(Recorded data begins)

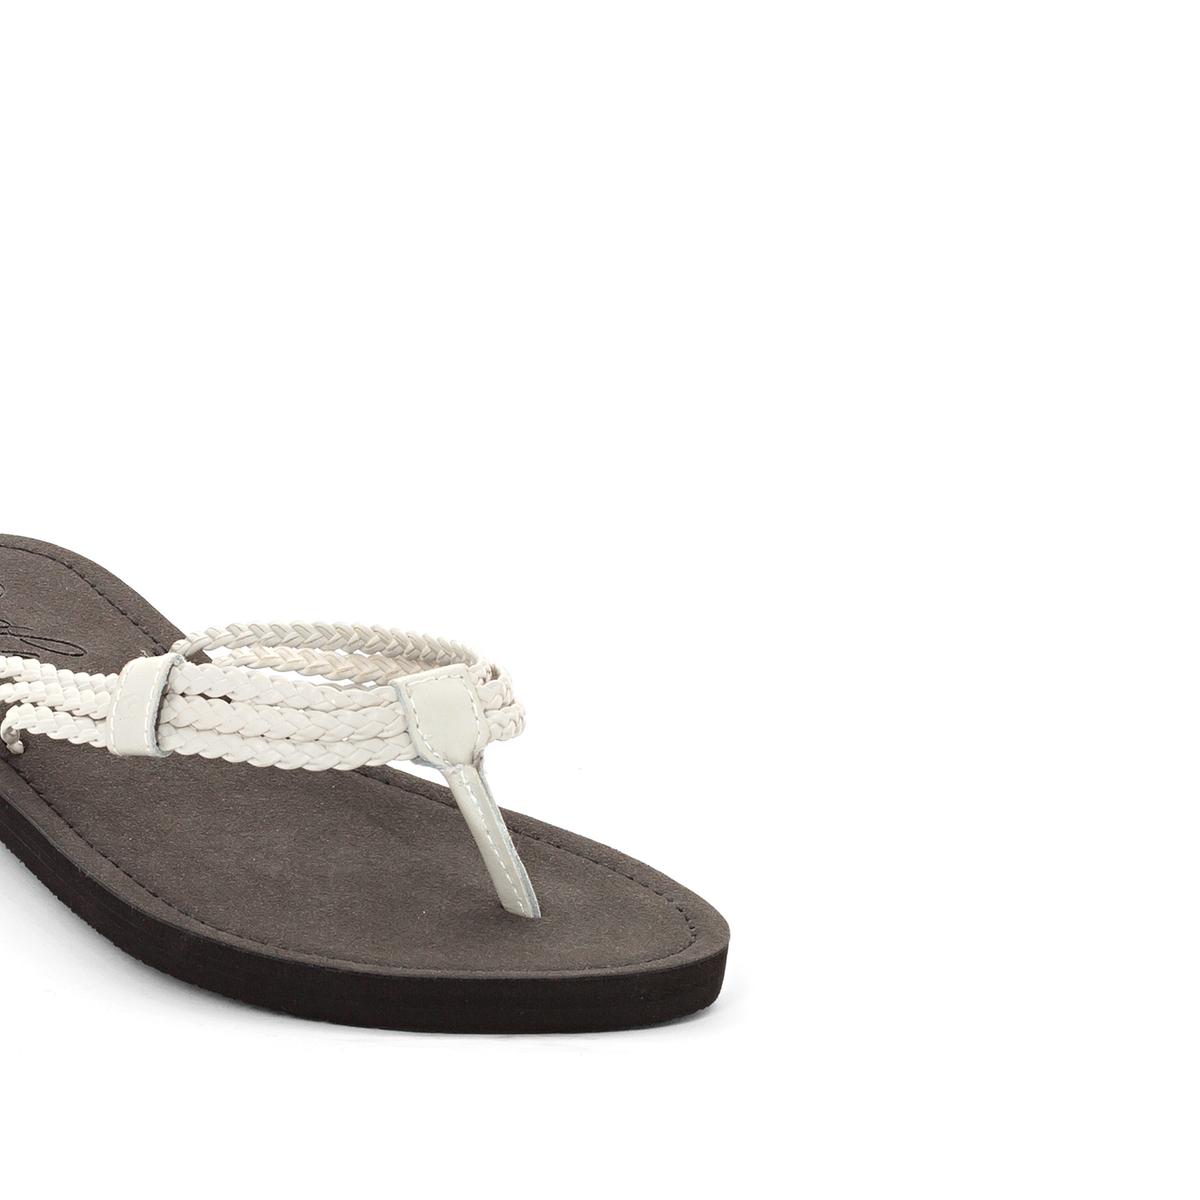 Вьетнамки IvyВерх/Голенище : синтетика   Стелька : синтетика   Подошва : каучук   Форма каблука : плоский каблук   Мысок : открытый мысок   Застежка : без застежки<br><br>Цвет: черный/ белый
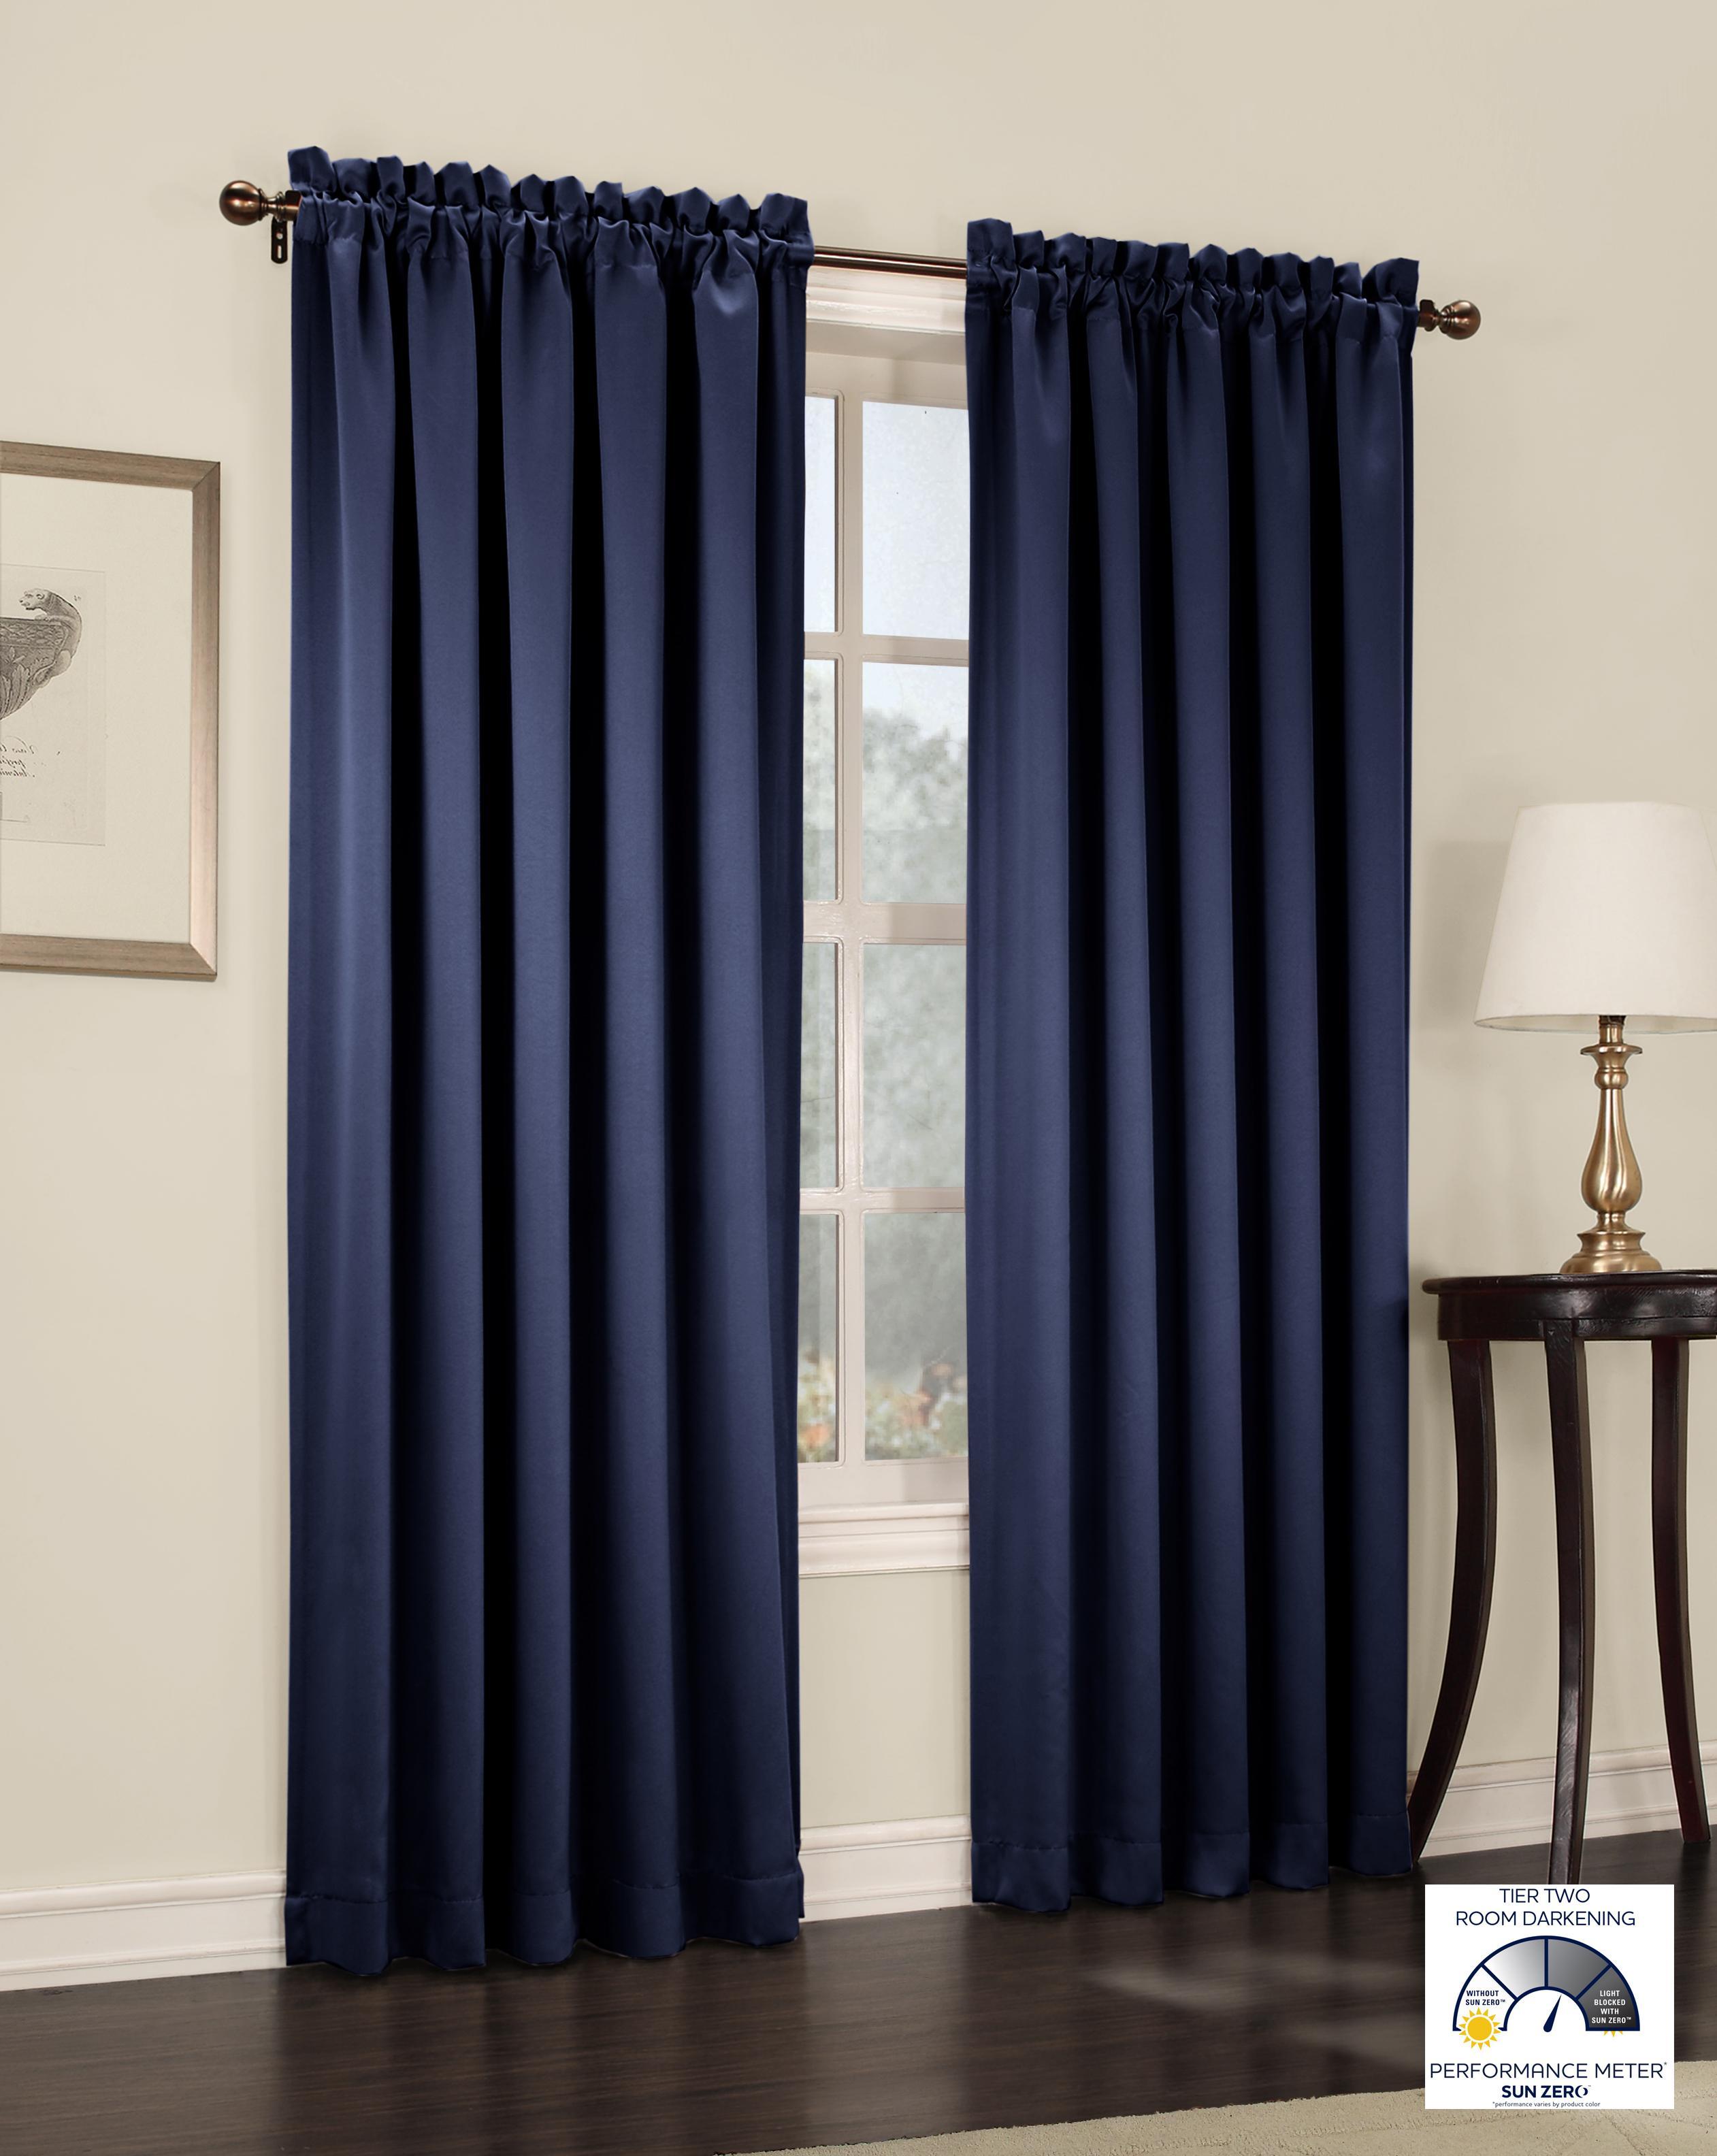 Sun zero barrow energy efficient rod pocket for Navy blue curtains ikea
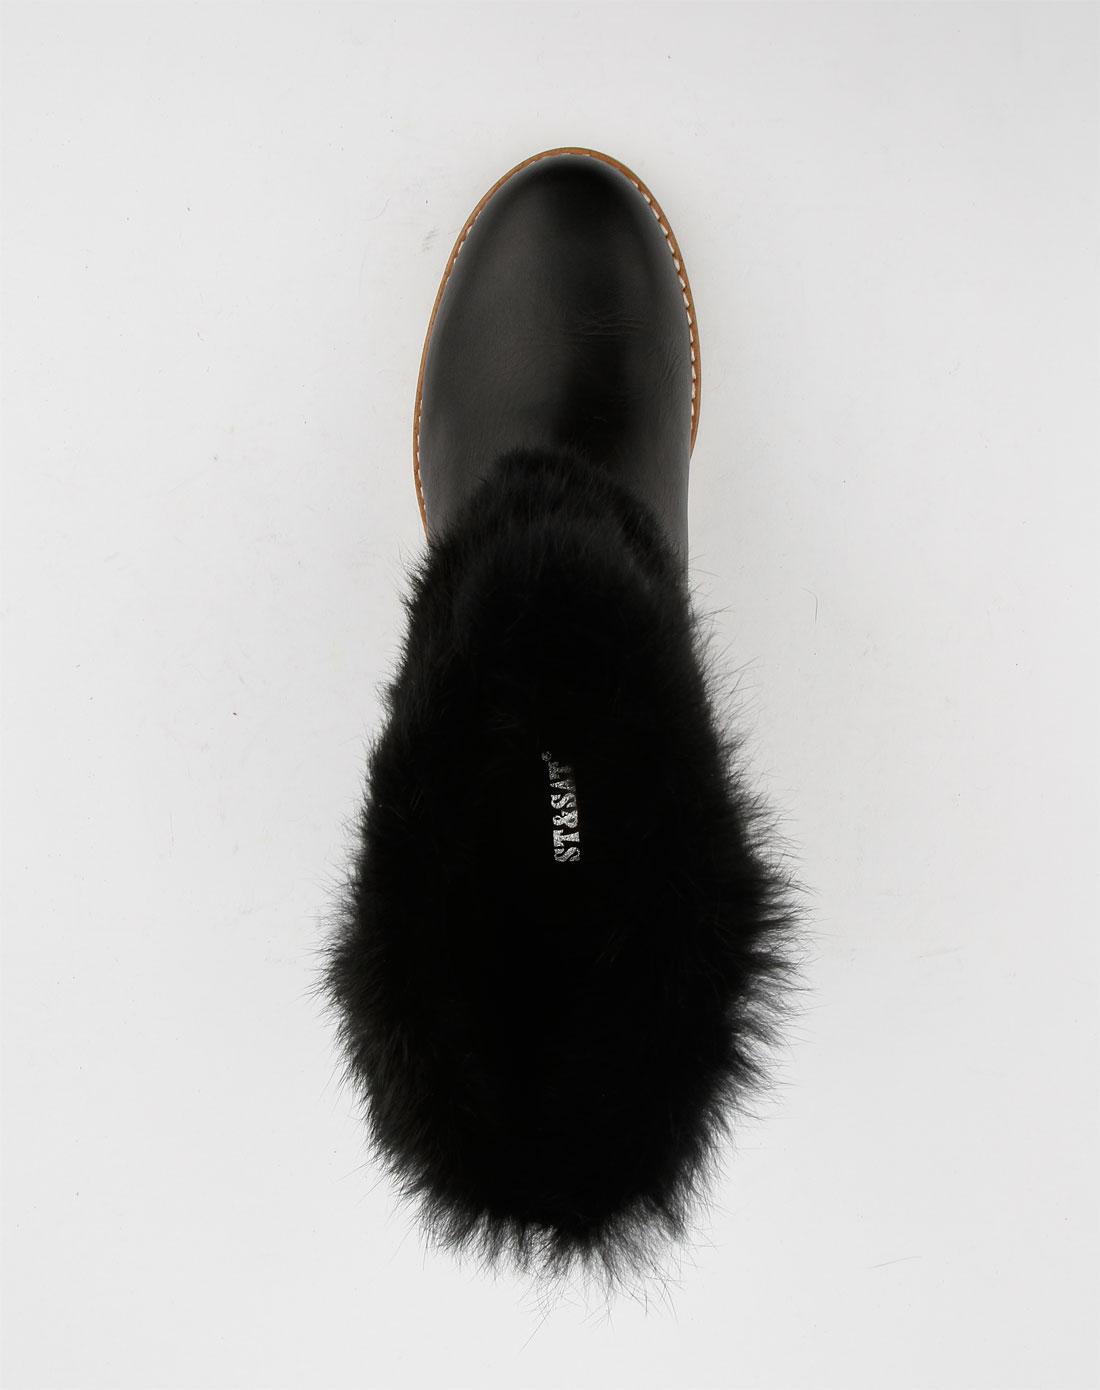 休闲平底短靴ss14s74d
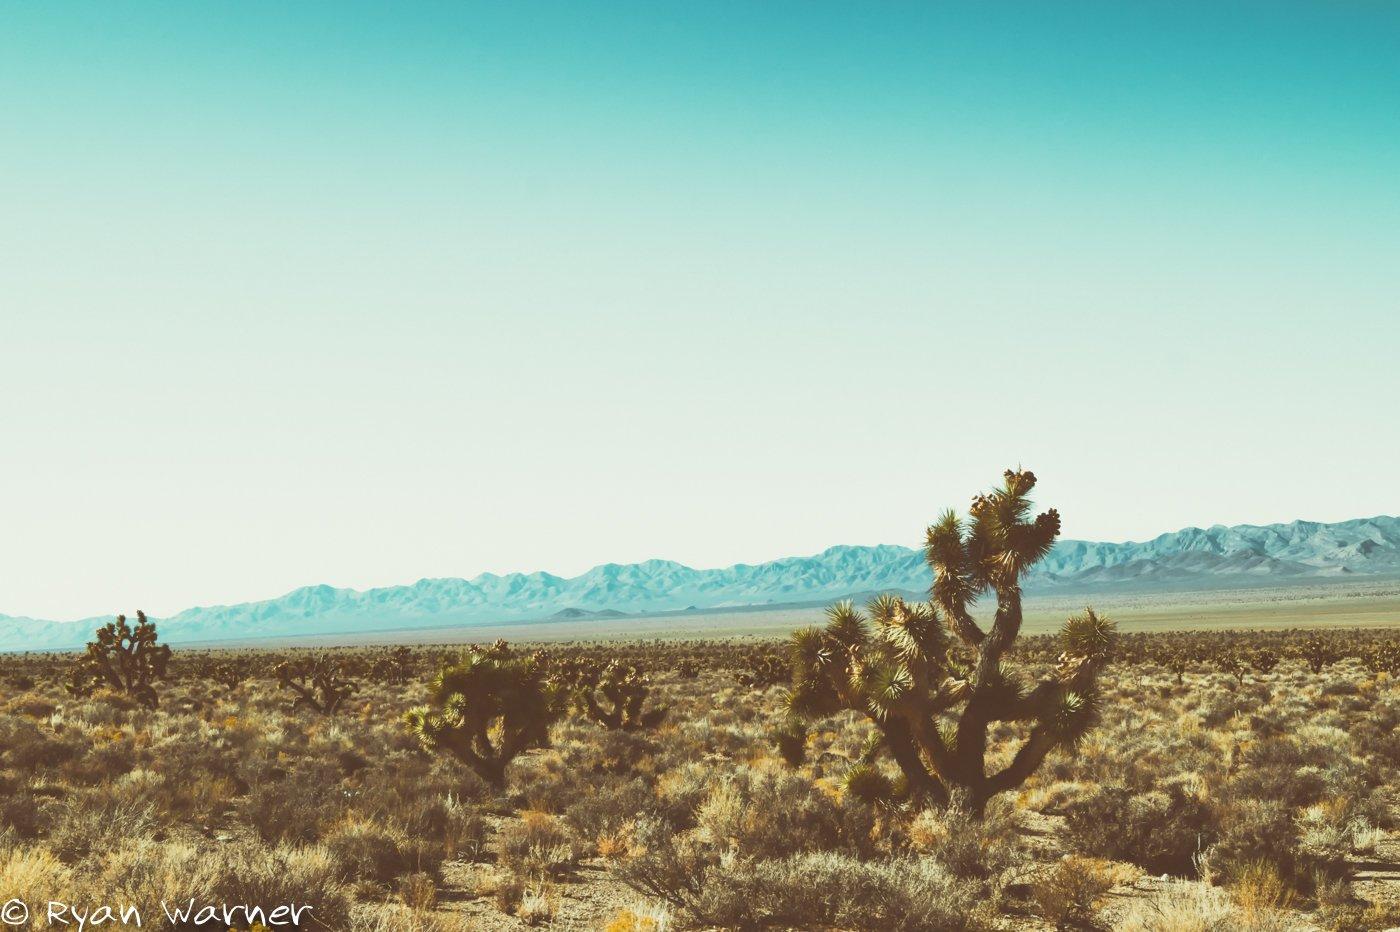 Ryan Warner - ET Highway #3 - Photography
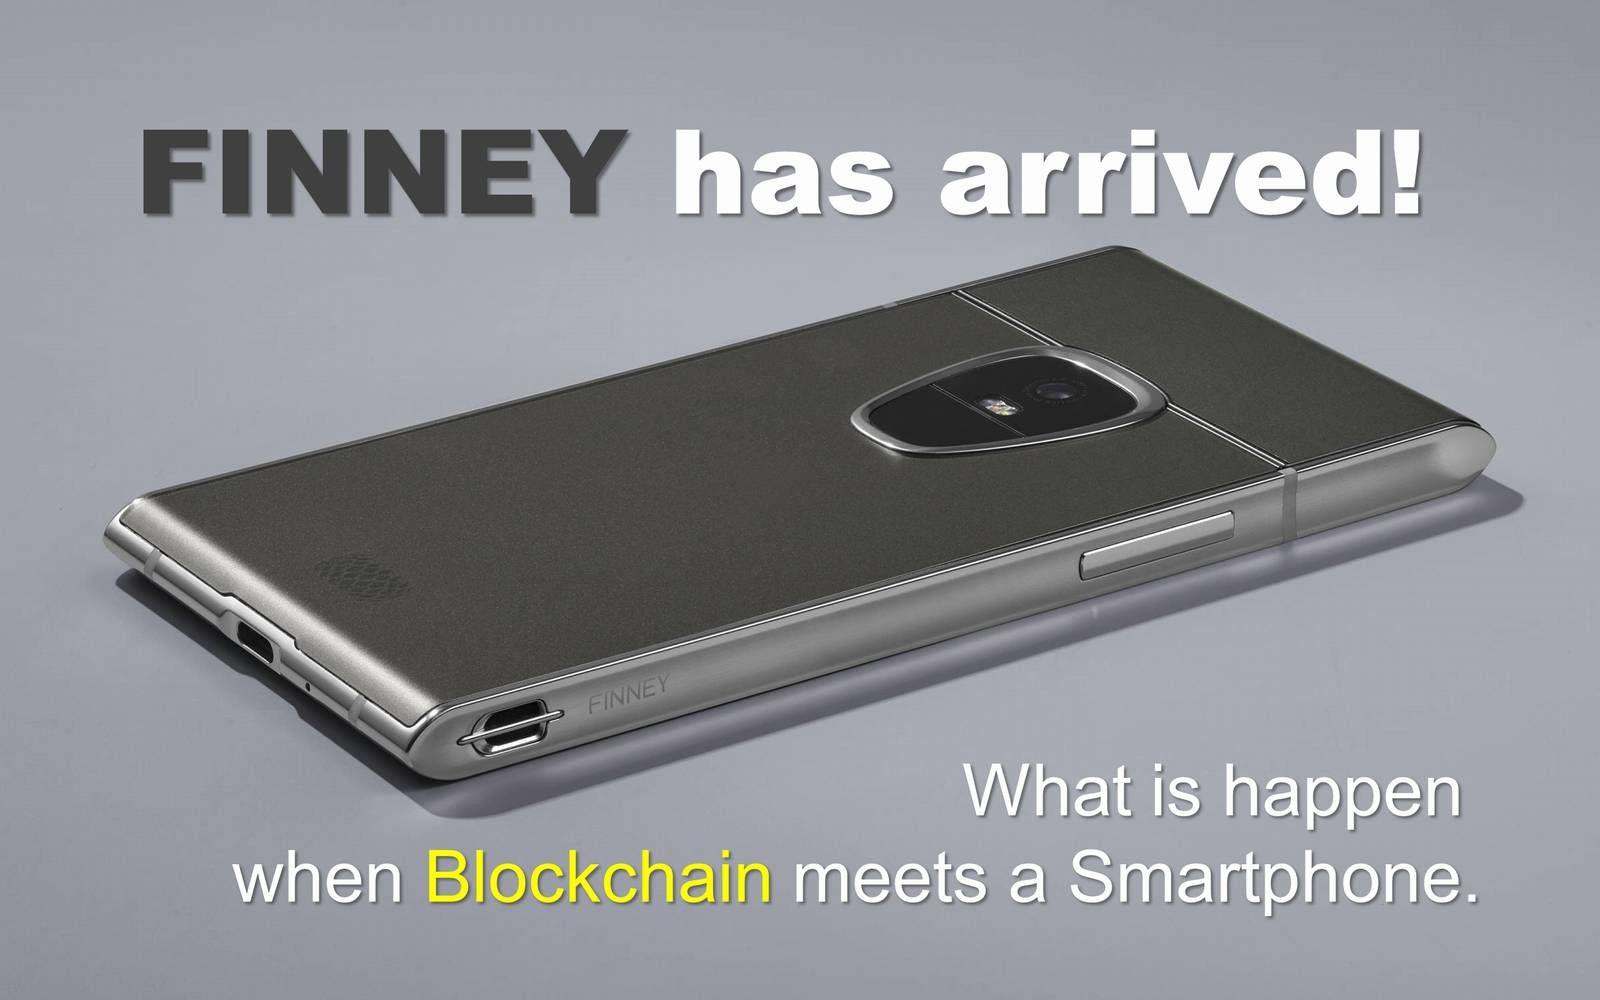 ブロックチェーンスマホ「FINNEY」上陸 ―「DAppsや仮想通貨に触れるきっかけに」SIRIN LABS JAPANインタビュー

(Recorded data ends)

**Exercise details:**
Set down all of the entries exactly. Leave the pictures out.

**Response box:**
 Вьетнамки IvyВерх/Голенище : синтетика   Стелька : синтетика   Подошва : каучук   Форма каблука : плоский каблук   Мысок : открытый мысок   Застежка : без застежки<br><br>Цвет: черный/ белый
 Sun zero barrow energy efficient rod pocket for Navy blue curtains ikea
 休闲平底短靴ss14s74d
 Ryan Warner - ET Highway #3 - Photography
 ブロックチェーンスマホ「FINNEY」上陸 ―「DAppsや仮想通貨に触れるきっかけに」SIRIN LABS JAPANインタビュー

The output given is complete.